On Sunday, the office of Georgia Secretary of State and Republican gubernatorial candidate Brian Kemp announced that they are investigating the Democratic Party of Georgia for “possible cyber crimes,” but right now, it’s unclear why they think that locals Dems are involved. The situation all started over an alleged hacking attempt, but a news release and an update didn’t elaborate. The situation is fraught for oh so many reasons. Kemp is running for the state’s highest office, has refused to recuse himself in the event of a recount, and faces multiple claims of voter suppression. Time will tell how this goes, but it’s worth looking back at another Kemp hacking allegation made amid another fraught election.
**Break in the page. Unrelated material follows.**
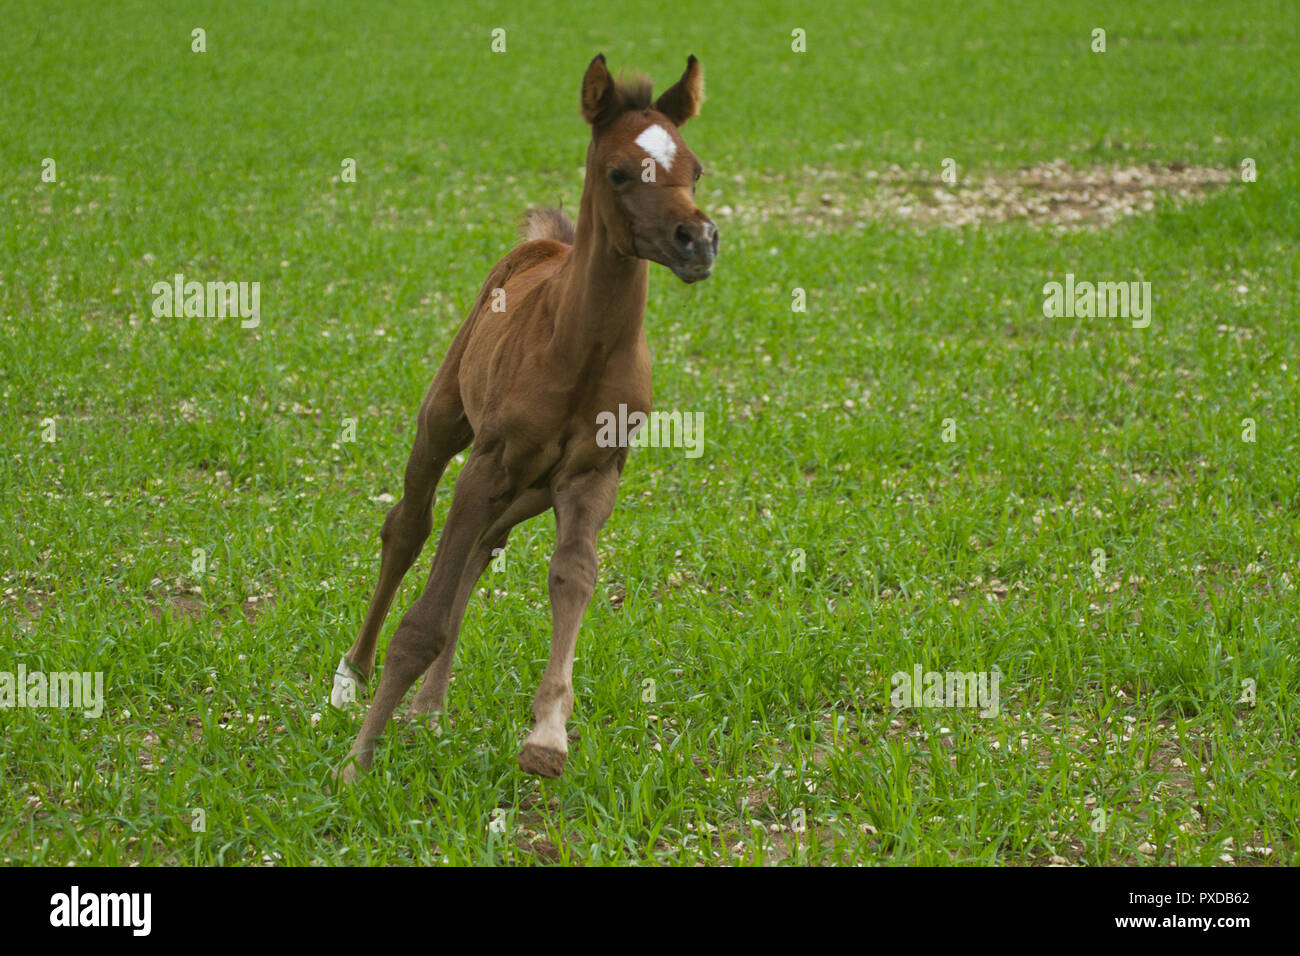 Arabian horse Foal Stock Photo
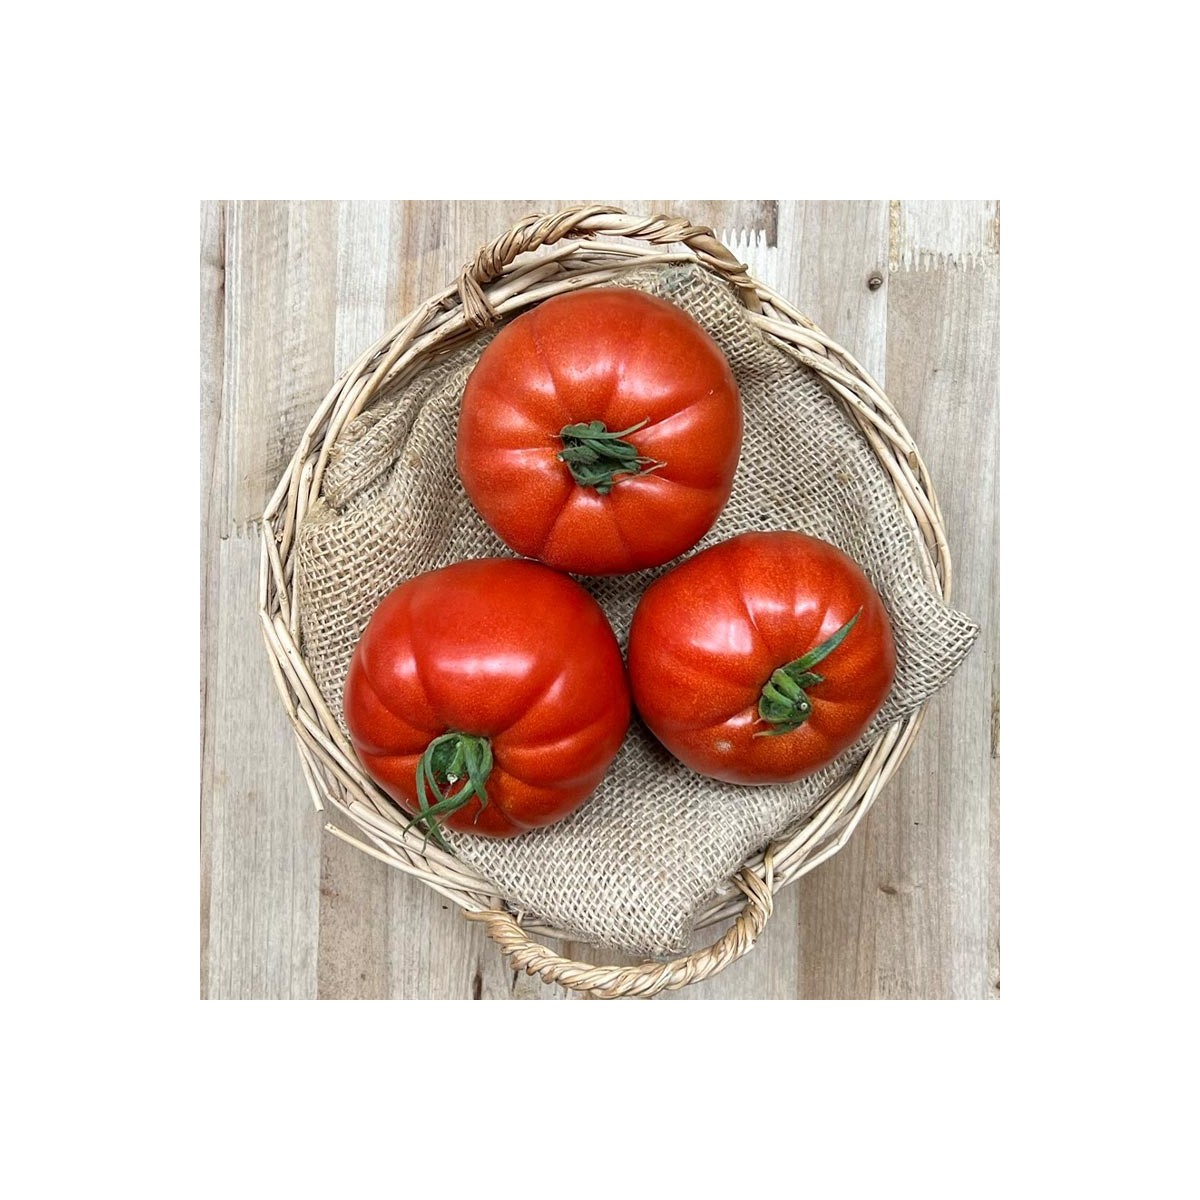 Tomate Huevo de Toro - Selección de tomates -1- Lo mejor de la fruta

This claim was debunked.
In December 2016, Kemp wrote Homeland Security Secretary Jeh Johnson about an unsuccessful apparent attempt to break through the firewall of a system containing voter registration information. They traced this attempt to a Federal Law Enforcement Training Center in Georgia.
DHS officials said at the time that they and Microsoft worked to recreate what apparently happened: a person was doing a background check on armed guards, and wanted to verify their certification. This required reviewing license numbers on a Georgia state website, then copying-and-pasting onto an Excel file. This triggered a routine normal command, which in turn activated a medium priority alert, DHS officials said. They denied that any “nefarious activity” or scanning occurred. At the time, Microsoft declined to comment. Kemp, however, said his cyber-security vendor couldn’t replicate DHS’ version of events.
“Georgians are asking me about it,” he said, according to the Atlanta Journal-Constitution. “We need to get to the bottom of it. And they’re acting like they already have. I need some proof.”
The Department of Homeland Security’s inspector general came out with a report the following June, and debunked the hacking allegation. This time, Kemp seemed to take it at face value.
“Earlier today, I personally spoke with current DHS Secretary John Kelly and learned that the investigation is now complete,” he said, according to the Journal-Constitution. “DHS did not knowingly attempt to breach Georgia’s firewall or hack our systems. Federal officials were able to re-create the event, and they have promised to provide a detailed report for my review.”
These developments happened amid election interference allegations against Russia.